Sovereign Debt: Reality Finally Hits “Rich” Countries
How is the financial crisis of 2008/09 different from previous crises?
December 13, 2010
For many months now, newspapers, magazines and TV shows have been brimming with stories about the sovereign debt crisis. Such crises are not new. We have seen sovereign defaults and the economic collapse of sovereign states over the centuries, stretching back into the times of the Greek and Roman empires.
And the world's economies have recovered from these previous collapses. So why are we so worried about the mounting debt loads of the United States, the nations making up the European Union or even Canada? Aren't things just going to sort themselves out over time?
After all, when the world emerged from World War II, every major sovereign state was under a taxing load of debt. And yet, VJ-Day on September 2, 1945, marked an astounding turnaround — and the start of the Era of Great Prosperity.
Unfortunately, today, two generations after World War II, the situation is very different. This is not a time of upbeat optimism after the defeat of a totalitarian system that threatened the world.
The prospects for growth in the major global economies are dim, and the structural issues that need to be dealt with are immense. Overcoming them appears to be close to impossible.

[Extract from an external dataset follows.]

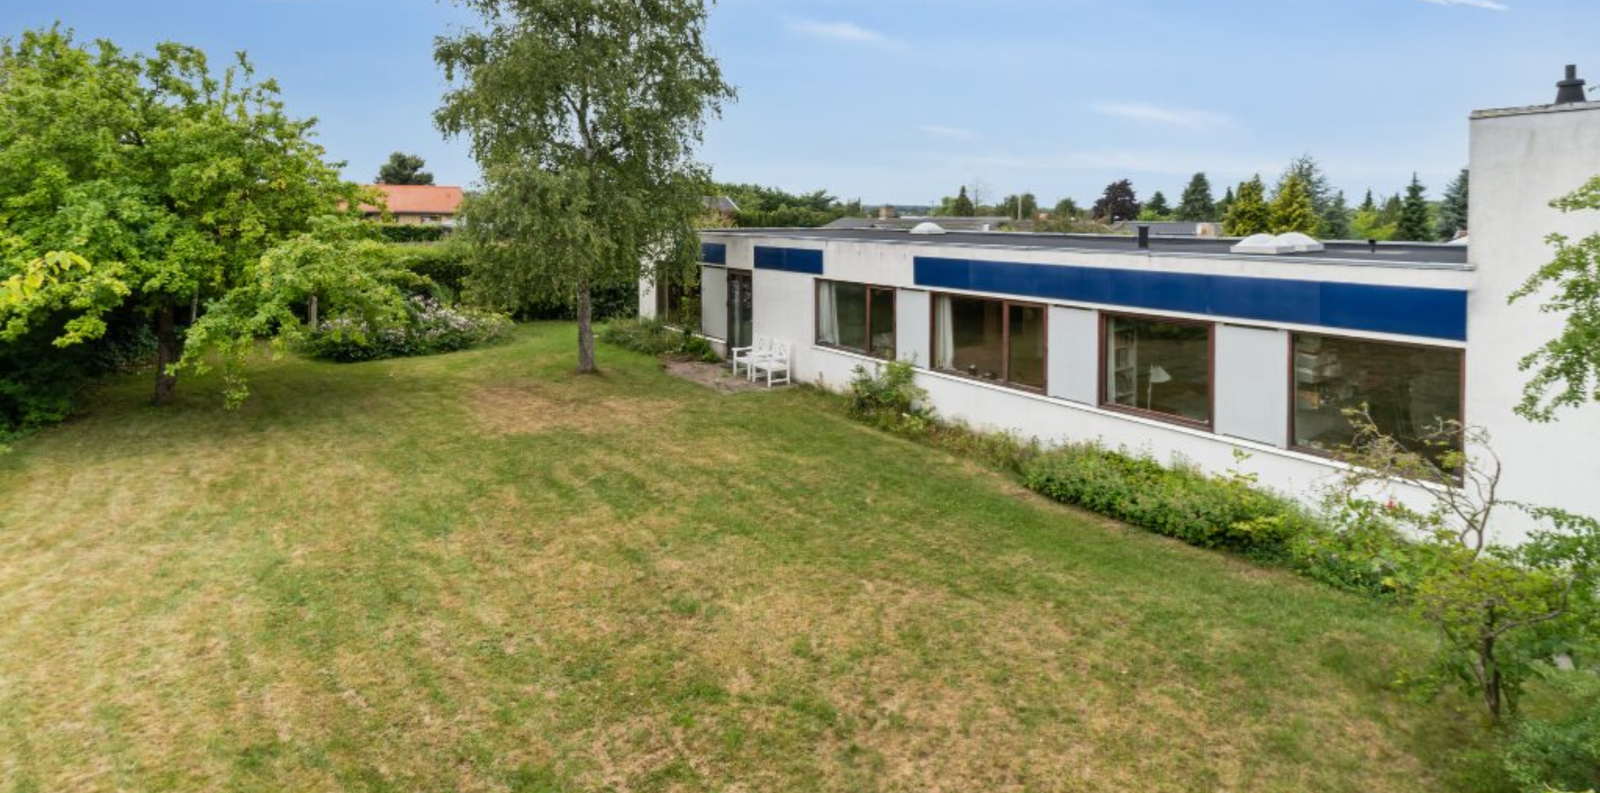 Hus/villa i Hørsholm 2970 på 160 kvm

What is different now is the global nature of the crisis. Irresponsible ballooning of sovereign, corporate, personal and institutional (can you spell social security?) debt has occurred in numerous countries.
The traditional sources for bailouts (can you spell United States of America?) are in a state of indebtedness that makes it extremely difficult for them to step in.
The recipe for recovery lies in stopping the binge spending of states and private households alike. That means reverting to balanced books and setting growth on a more sustainable path. In a world where we have all grown accustomed to spending today and dealing with the resulting bills later, the need for austerity measures is not easily understood.
The recent general strikes in Greece and Spain are a prime example of how difficult the task of governments will be to convince voters of the necessity to tighten their belts.
And this is just the beginning. It will take a gargantuan effort just to eliminate the structural deficits — before even a single penny of the staggering debt loads can be repaid.
What is also different is demographics and the related shift in economic output. The traditionally strong economies of the G8 — most importantly, the United States and Germany — are weakened by an aging population, a smaller workforce and less economic output.
Manufacturing has migrated to China, India and other emerging markets. Recovery from the stress of 2008/2009 is much more difficult than the remarkable recovery we saw across the globe after World War II.
As a matter of fact, the power balance has slowly shifted away from the traditional Western developed economies to what is so patronizingly called "emerging markets." Over the past couple of decades, these markets have matured rapidly and are now the home of all of the so-called industrial world's manufacturing jobs.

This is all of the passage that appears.